Clark University, Worcester MA

Investigators

Abstract

Nitrate transporters deliver nutritional nitrogen to (among other organisms) mushroom forming fungi living in symbiosis with tree roots, yet how nitrate transporter genes evolve and their relative significance to forest ecology is not well understood. This project investigates how nitrate transporters have evolved and diversified in function during a mushroom's adaptation to its ecological niche. Two specific goals of the project are (1) to use DNA and amino acid sequence analysis to develop an hypothesis of the evolution of nitrate transporter genes in the fungi and improve our understanding of fungal taxonomy in some groups and (2) to analyze the patterns of nitrate transporter gene utilization by mushrooms from divergent nitrogen niches under an array of environmental conditions.
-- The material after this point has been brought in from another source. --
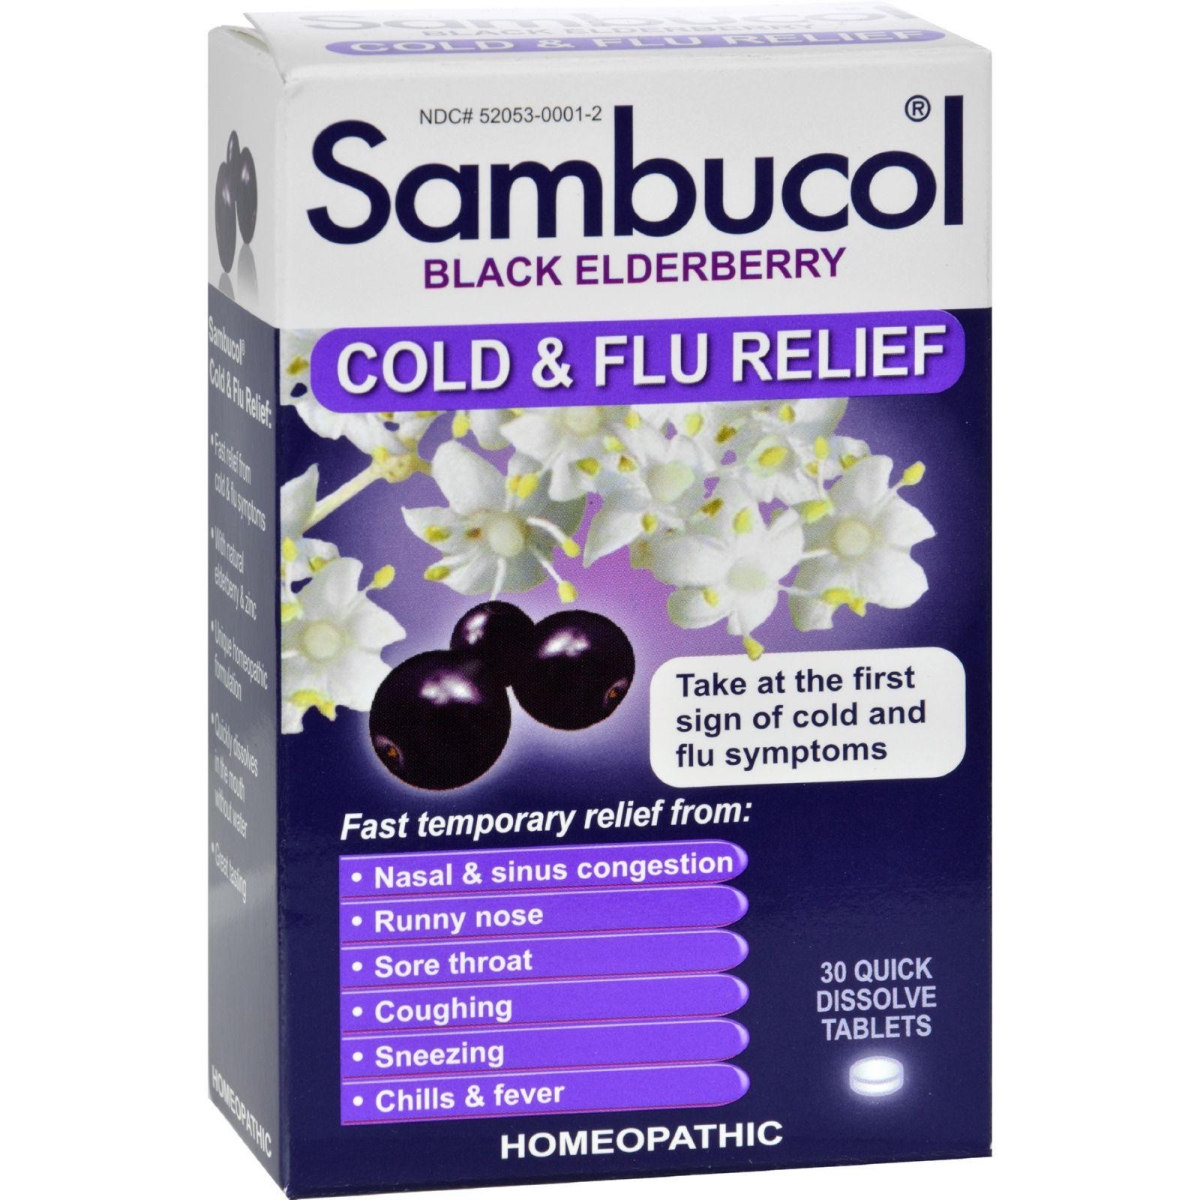 Hg0597427 Black Elderberry Cold & Flu Relief - 30 Lozenges

This project addresses the importance of environmental nitrogen in the biodiversity and evolution of mushroom forming fungi with a specific focus on a group that forms symbiotic associations with trees. Nitrogen pollution is a broad ecological concern specifically implicated in the recent loss of diversity of these forest fungi. Such a loss threatens the resiliency and viability of the forest ecosystems that depend upon them directly. This project will provide a molecular framework for developing strategies of bioremediation using mushroom forming fungi to counter the impacts of nitrogen pollution.